Extracted records
════════
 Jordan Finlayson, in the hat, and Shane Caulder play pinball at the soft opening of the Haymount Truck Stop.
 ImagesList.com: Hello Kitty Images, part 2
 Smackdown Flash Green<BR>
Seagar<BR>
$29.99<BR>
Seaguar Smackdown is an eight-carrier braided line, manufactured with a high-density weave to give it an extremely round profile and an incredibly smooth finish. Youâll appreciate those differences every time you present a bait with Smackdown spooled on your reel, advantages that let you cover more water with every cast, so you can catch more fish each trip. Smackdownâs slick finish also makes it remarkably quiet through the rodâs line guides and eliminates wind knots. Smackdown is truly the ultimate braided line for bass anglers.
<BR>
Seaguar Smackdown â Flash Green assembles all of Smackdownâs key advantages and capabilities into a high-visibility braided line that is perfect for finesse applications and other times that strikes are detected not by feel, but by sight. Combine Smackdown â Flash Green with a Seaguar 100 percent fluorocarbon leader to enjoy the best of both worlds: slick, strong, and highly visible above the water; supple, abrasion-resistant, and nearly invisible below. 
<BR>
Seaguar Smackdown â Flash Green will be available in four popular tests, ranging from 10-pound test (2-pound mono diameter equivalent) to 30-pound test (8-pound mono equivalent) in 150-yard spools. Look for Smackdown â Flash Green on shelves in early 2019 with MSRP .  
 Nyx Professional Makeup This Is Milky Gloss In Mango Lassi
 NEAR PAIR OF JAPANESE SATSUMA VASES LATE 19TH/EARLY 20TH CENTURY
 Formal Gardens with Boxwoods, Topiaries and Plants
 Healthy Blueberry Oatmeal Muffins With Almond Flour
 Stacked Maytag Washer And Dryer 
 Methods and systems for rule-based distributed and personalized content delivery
════════
Task details ▸
From the records above, repeat exactly the lines from the one with "Seaguar Smackdown â Flash Green will" through the one with "Stacked Maytag Washer And Dryer", both included.

Solved problem ▸
Seaguar Smackdown â Flash Green will be available in four popular tests, ranging from 10-pound test (2-pound mono diameter equivalent) to 30-pound test (8-pound mono equivalent) in 150-yard spools. Look for Smackdown â Flash Green on shelves in early 2019 with MSRP .  
 Nyx Professional Makeup This Is Milky Gloss In Mango Lassi
 NEAR PAIR OF JAPANESE SATSUMA VASES LATE 19TH/EARLY 20TH CENTURY
 Formal Gardens with Boxwoods, Topiaries and Plants
 Healthy Blueberry Oatmeal Muffins With Almond Flour
 Stacked Maytag Washer And Dryer 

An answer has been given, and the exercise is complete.